What the exercise asks ▸
Output every line below as it stands, dropping only the images.

Data block ▸
+---+

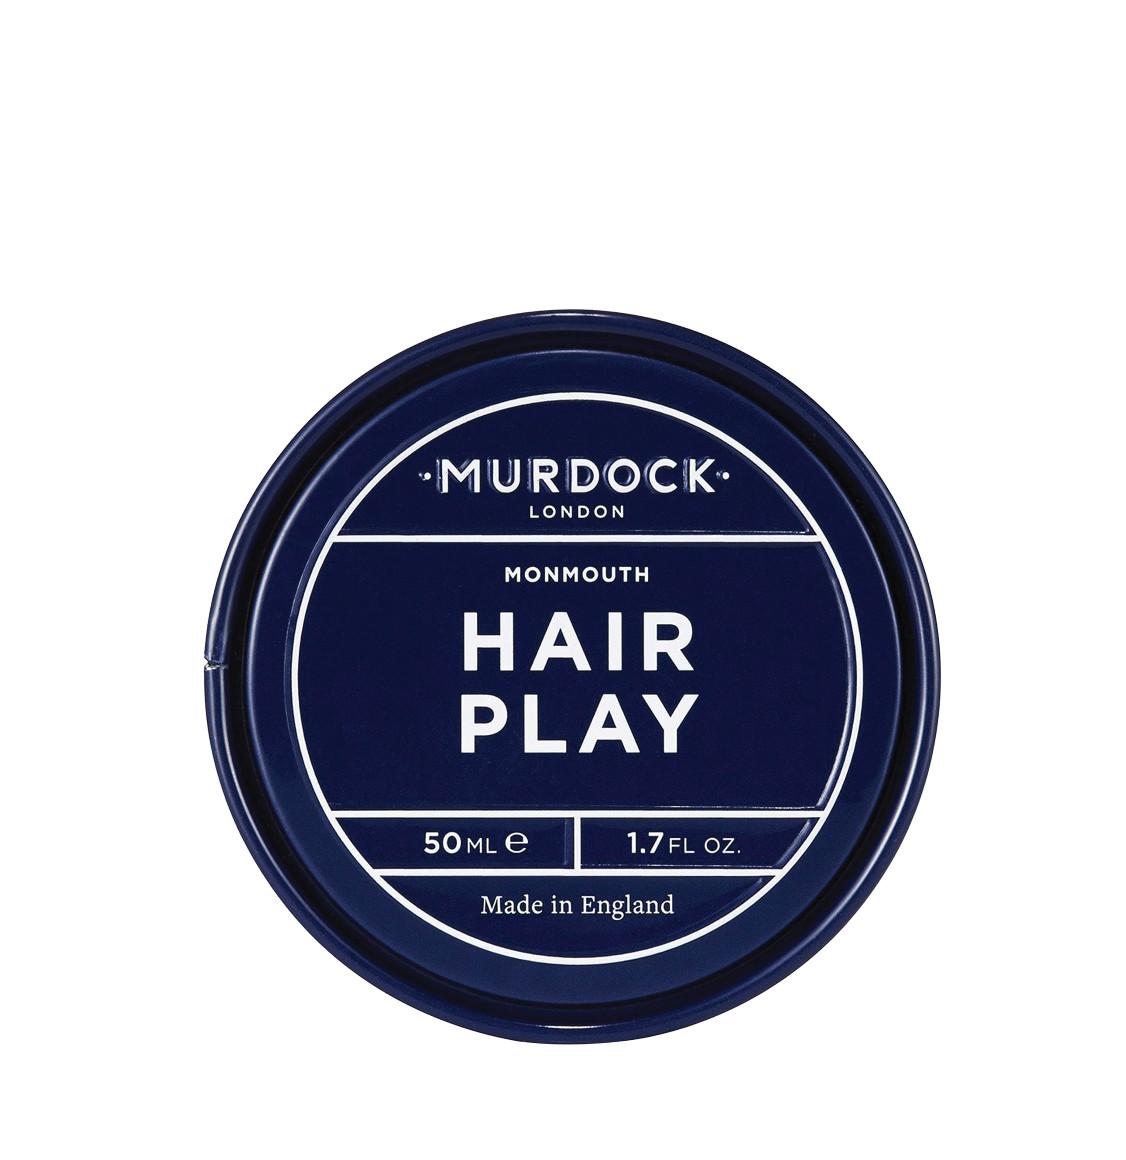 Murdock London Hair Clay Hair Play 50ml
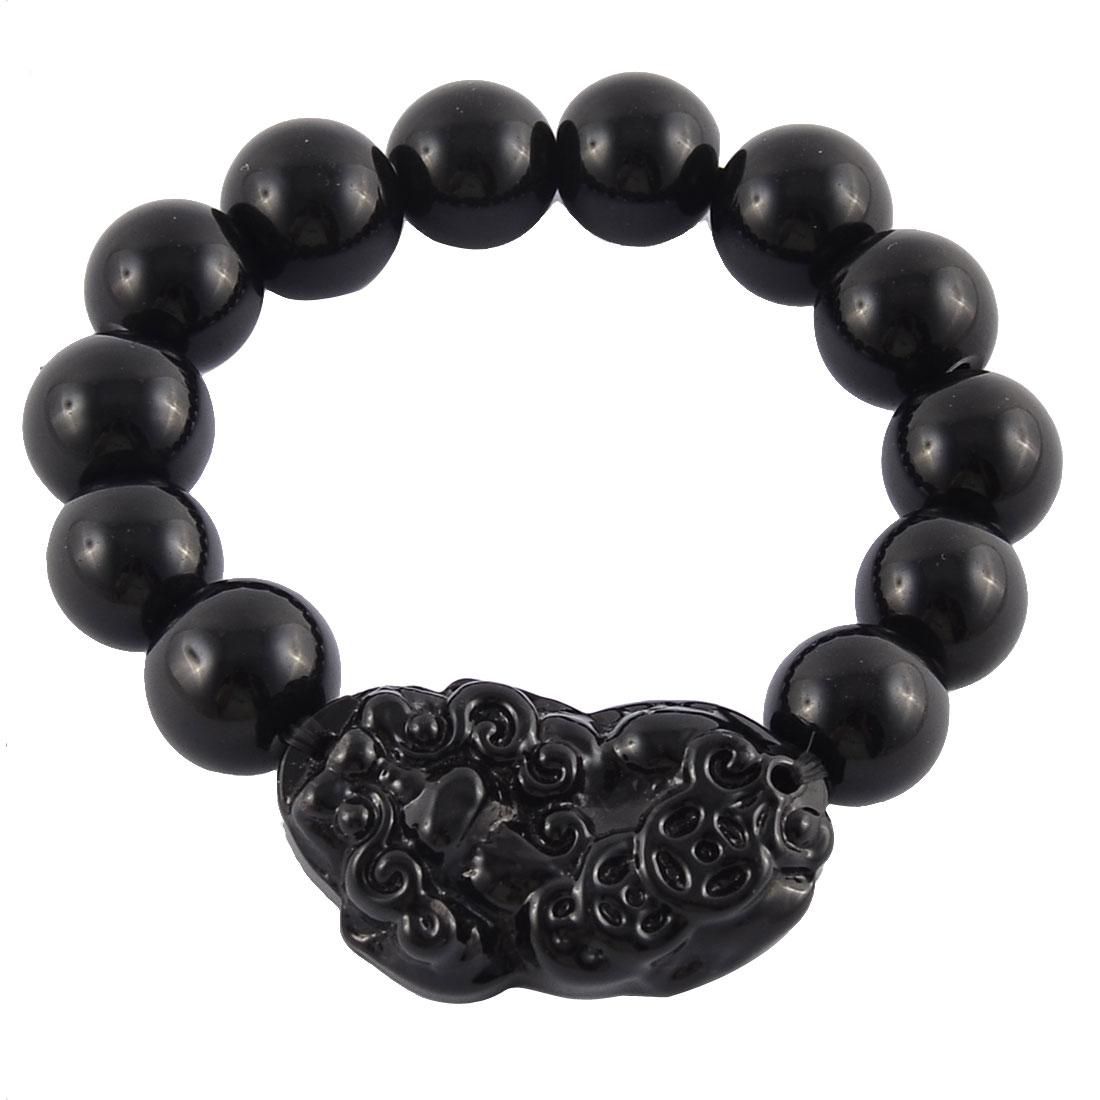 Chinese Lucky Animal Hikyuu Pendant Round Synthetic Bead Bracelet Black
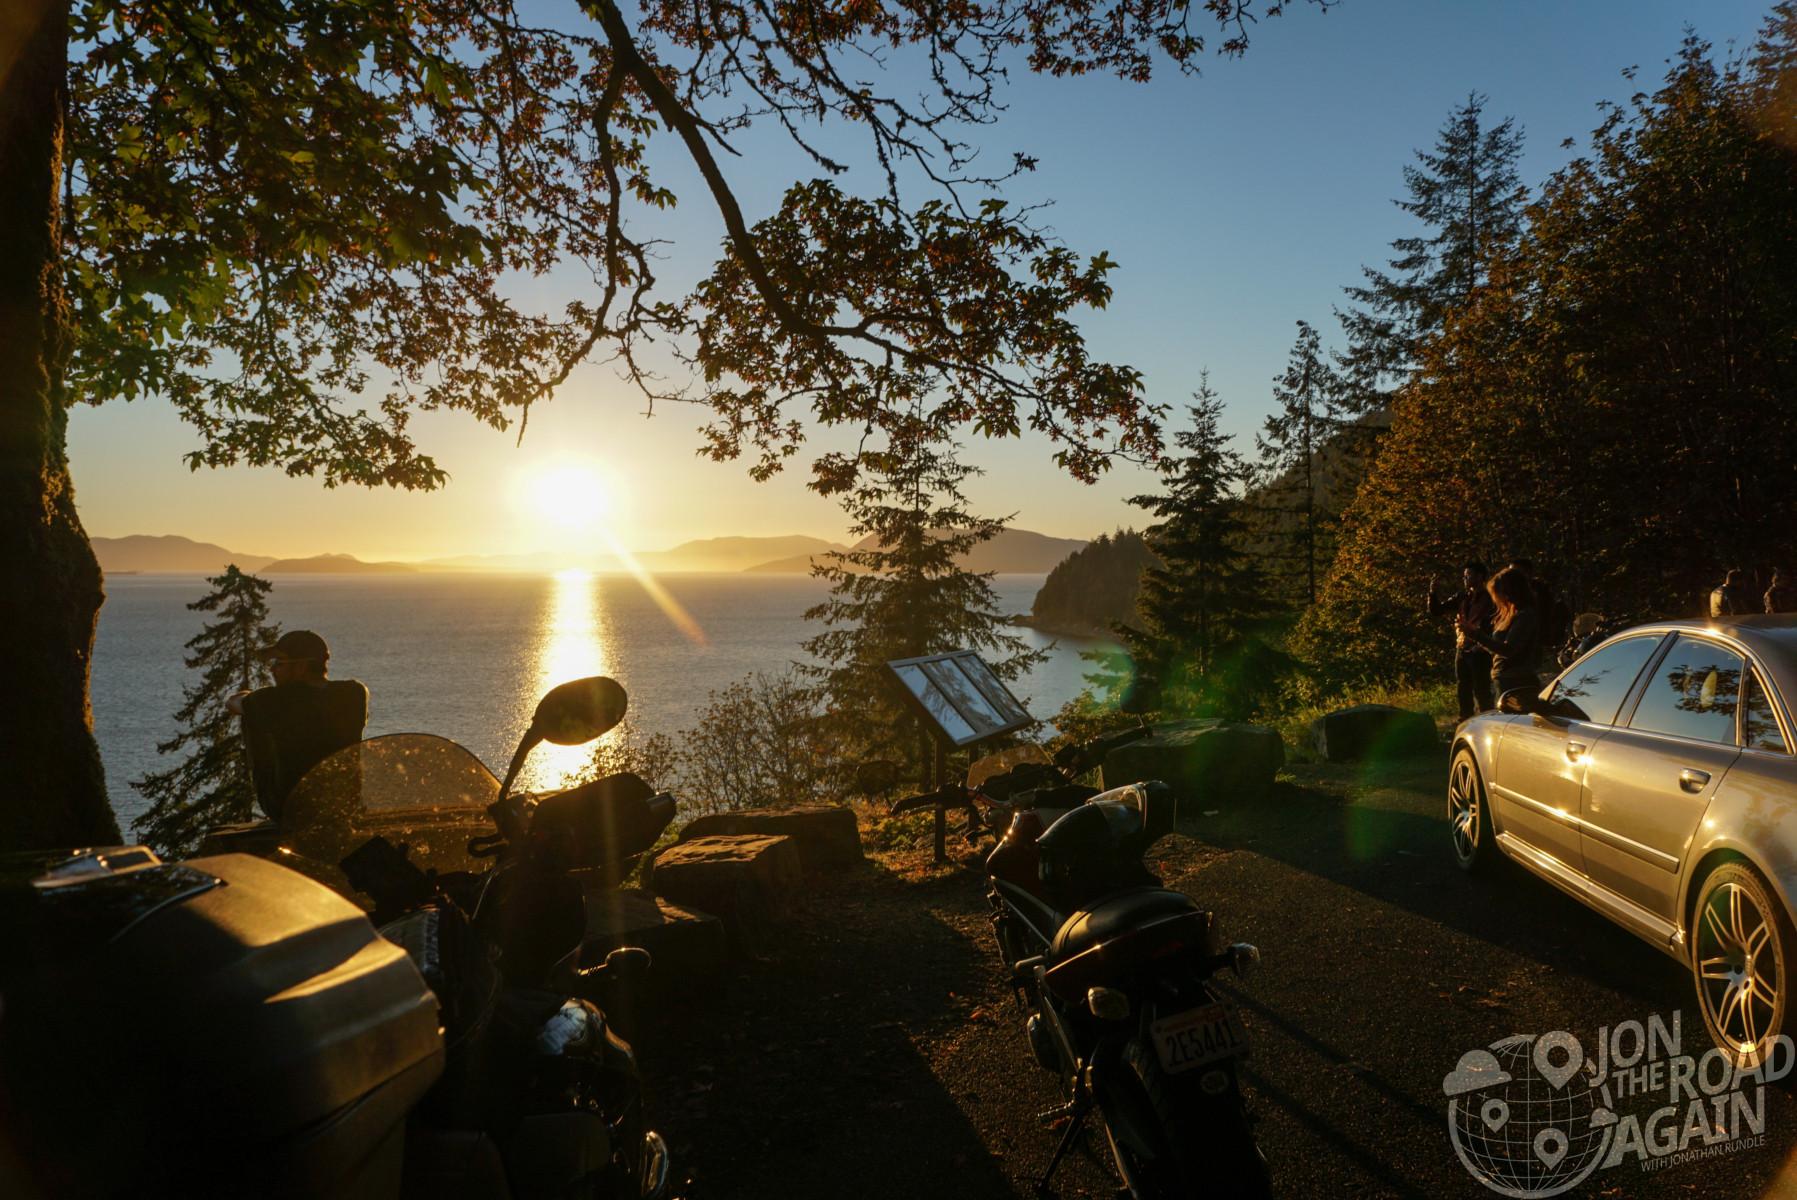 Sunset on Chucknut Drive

+---+

Task answer ▸
 Murdock London Hair Clay Hair Play 50ml
 Chinese Lucky Animal Hikyuu Pendant Round Synthetic Bead Bracelet Black
 Sunset on Chucknut Drive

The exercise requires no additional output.